(PROVIDED MATERIAL)

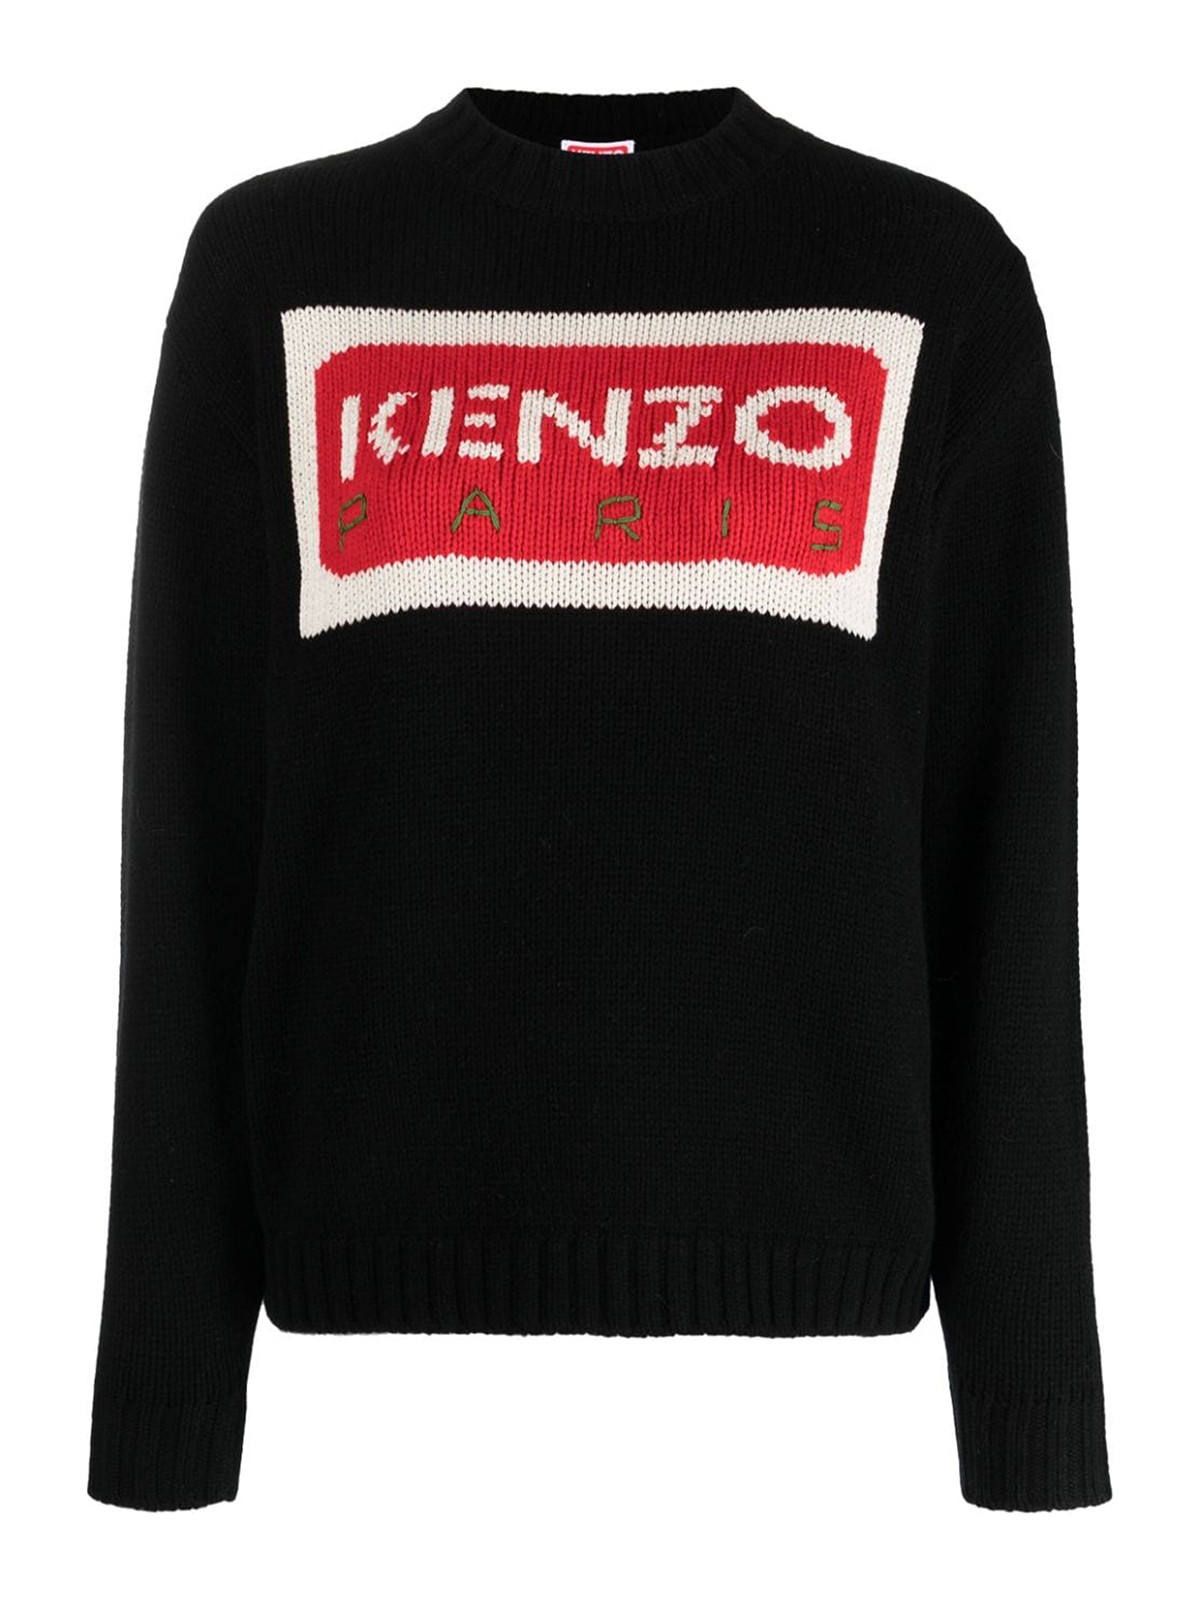 Kenzo Paris Logo Jumper In Black
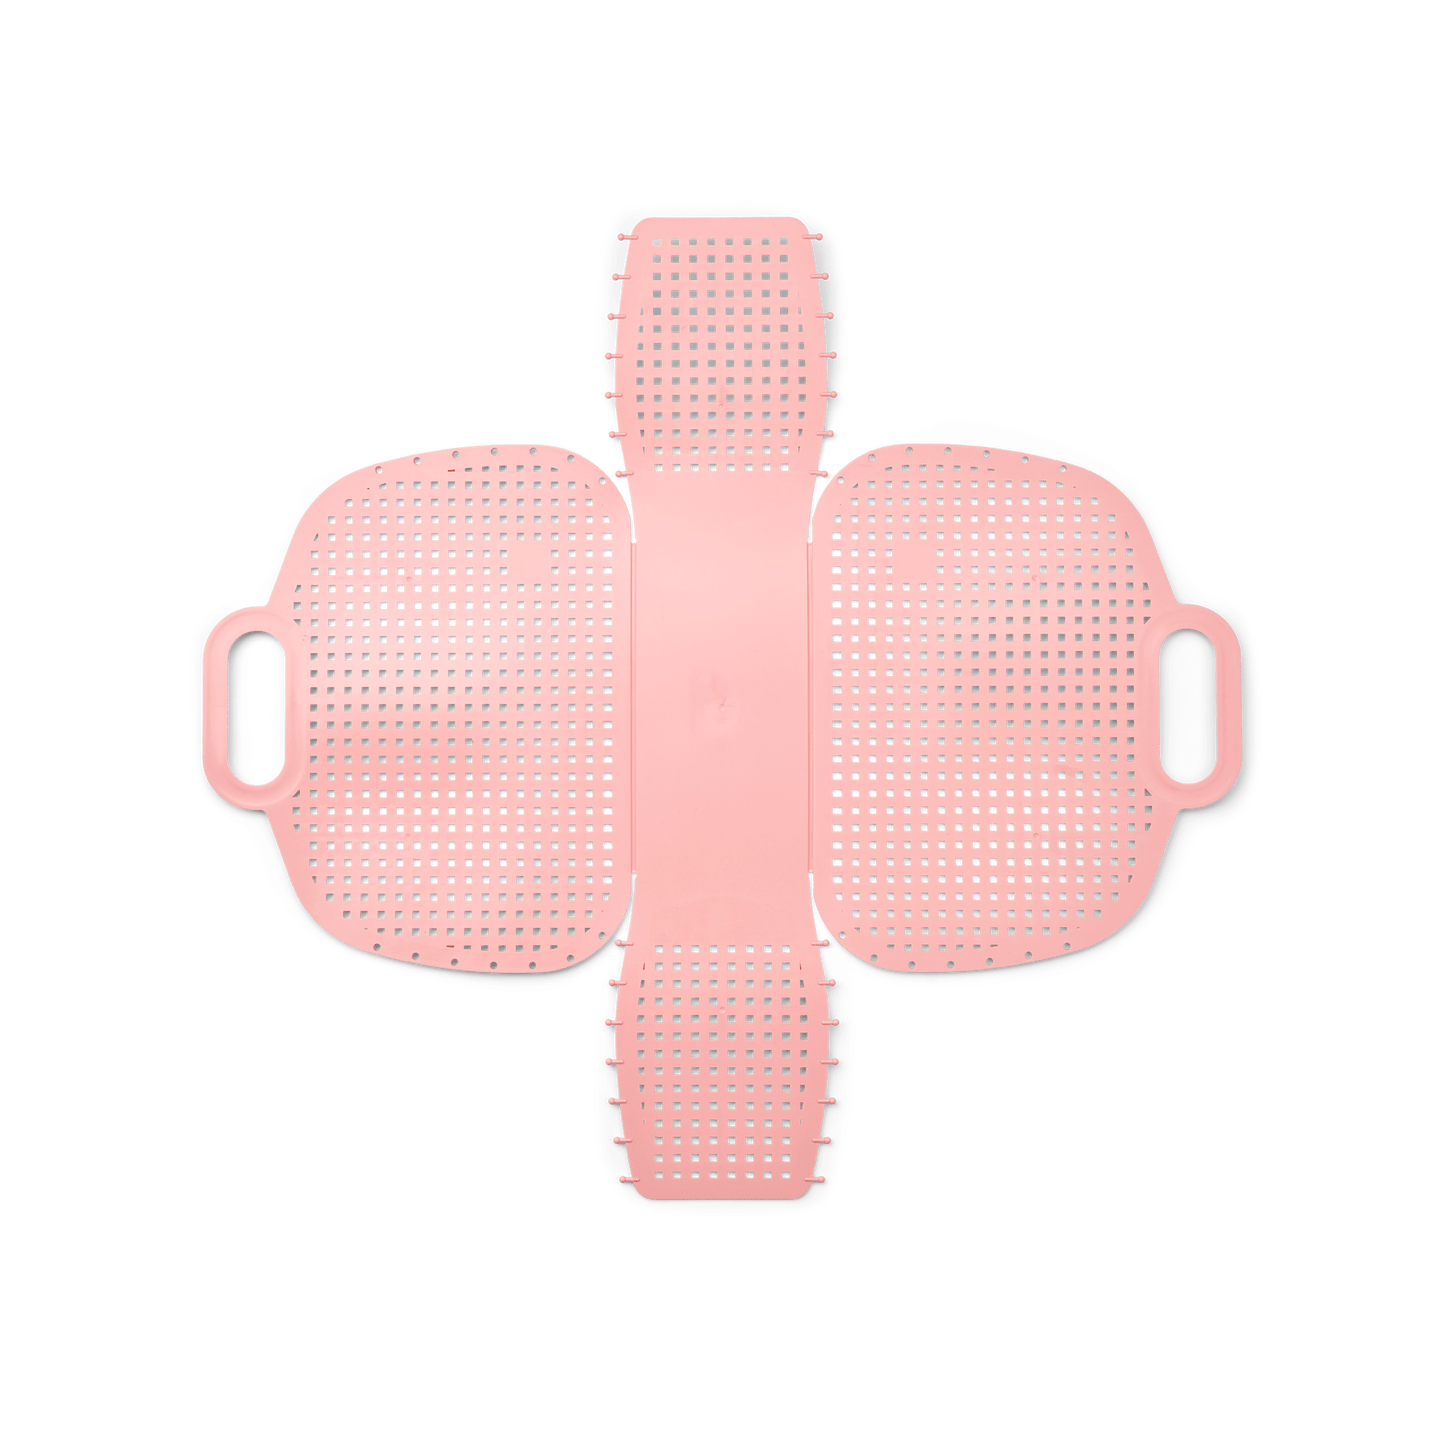 ADELINE BASKET Korbtasche | Pink Icing
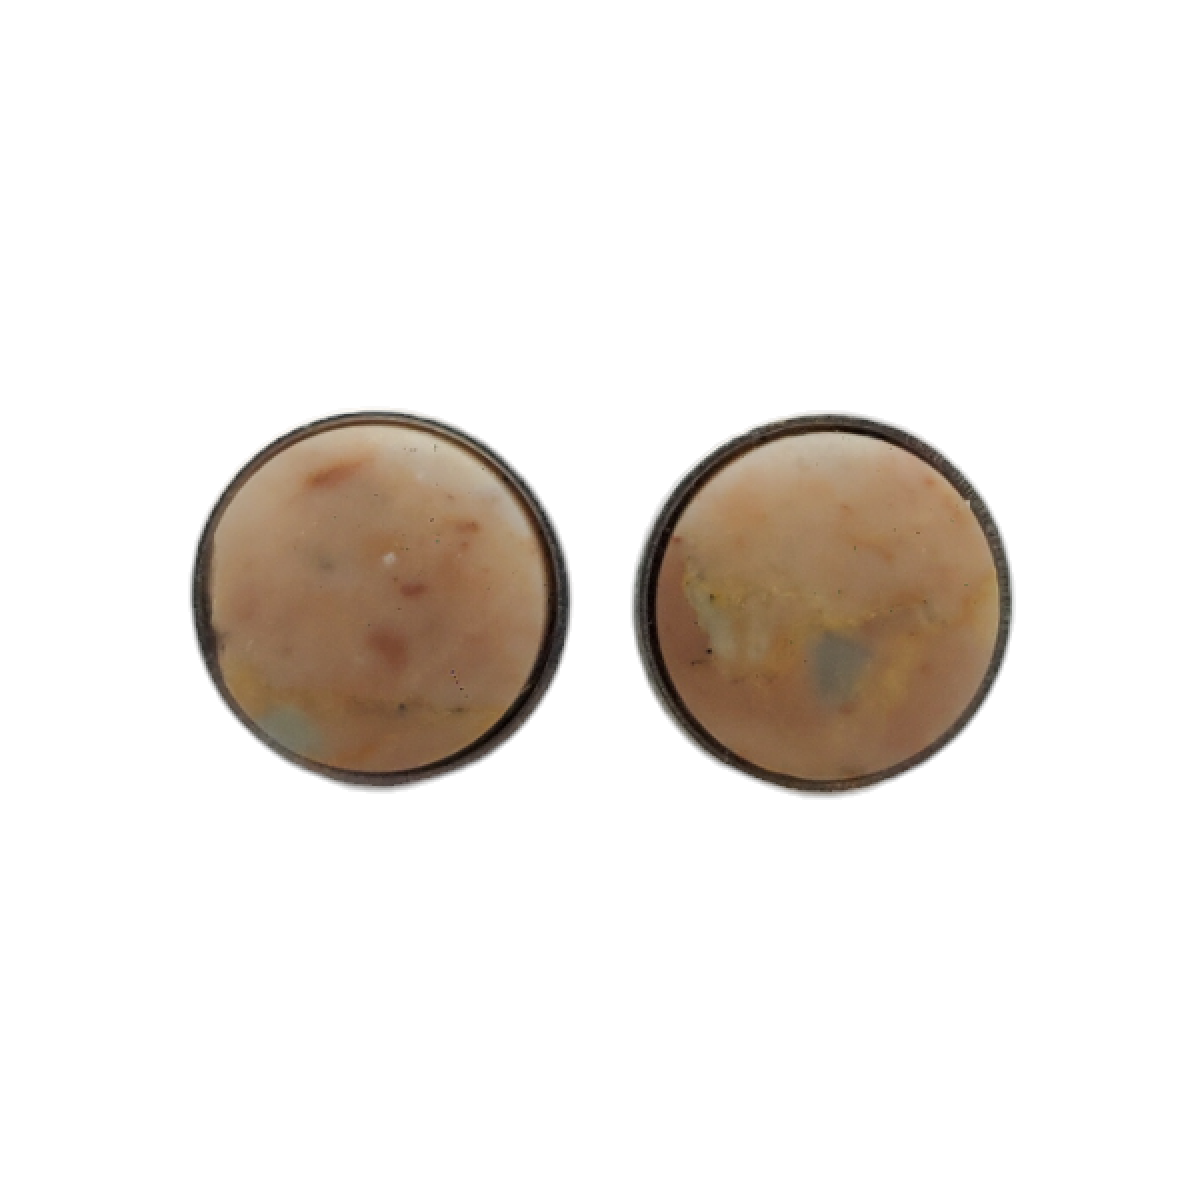 marmo-sassalbo-marble-marmor-orecchini-earrings-ohrringe

(End PROVIDED MATERIAL)

I'd like the material above repeated exactly, with the pictures omitted.

 Kenzo Paris Logo Jumper In Black
 ADELINE BASKET Korbtasche | Pink Icing
 marmo-sassalbo-marble-marmor-orecchini-earrings-ohrringe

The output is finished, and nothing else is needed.